One of the most profound outcomes of the 1776 Declaration of Independence was the eventual protection of freedom of speech institutionalized in the 1789 Constitution. Speaking out against the King was considered treason punished by prison or hanging. In spite of that, our founding fathers took the risk, even signing their “John Hancock’s” to the Declaration. Later the Constitution’s First Amendment made sure that “Congress shall pass no law ….abridging the freedom of speech.”
My husband, a refugee from Communism, who often speaks his mind, complained that he was not free to say everything he thought because someone might take offense. I even heard a politician on TV be angry at his ability to do likewise. “Whatever happened to freedom of speech?” he groused.

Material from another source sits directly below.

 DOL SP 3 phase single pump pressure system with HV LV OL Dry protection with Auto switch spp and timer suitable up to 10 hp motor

Do not confuse being politically correct with your First Amendment rights granted by the Constitution. The operative words are ”Congress shall pass no law…”. That phrase protects your rights to be even politically incorrect. It does not mean that your friends, relatives, co-workers, or potential political supporters have to like what you say, or cannot argue against you, or cannot vote against you and for the other guy if you are a candidate. It just means that there will be no laws passed that will restrict you from expressing your opinions.
That concept of freedom to speak has been both limited and expanded since 1789 and the arbiter is the U.S. Supreme Court. Campaign contributions are considered free speech, even if made by a corporation per a recent decision, and now the Supreme Court has agreed to rule on whether threats made on Facebook to kill a spouse is protected by the Constitution. Usually libelous claims about an individual or a celebrity by a newspaper has not been Constitutionally protected, but the wrong can still be addressed by a lawsuit in civil court. Antiabortion demonstrators standing on public sidewalks are protected and not restricted by a buffer zone (per a Supreme Court ruling last month).

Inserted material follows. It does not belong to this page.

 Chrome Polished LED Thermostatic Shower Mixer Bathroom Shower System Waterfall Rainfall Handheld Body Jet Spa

The Supreme Court has been asked time and time again where limits should be set. After all, some speech may hurt others, and the Supreme Court has most famously drawn the line with a 1919 decision written of Oliver Wendell Holmes: “The most stringent protection of free speech would not protect a man in falsely shouting fire in a theatre and causing a panic … . The question in every case is whether the words used are used in such circumstances and are of such a nature as to create a clear and present danger.”
New internet tools are being used to slander, threaten, and cyberbully. This will keep the Supreme Court for years to come deciding whether examples of such kind of speech cross Constitutionally protected lines.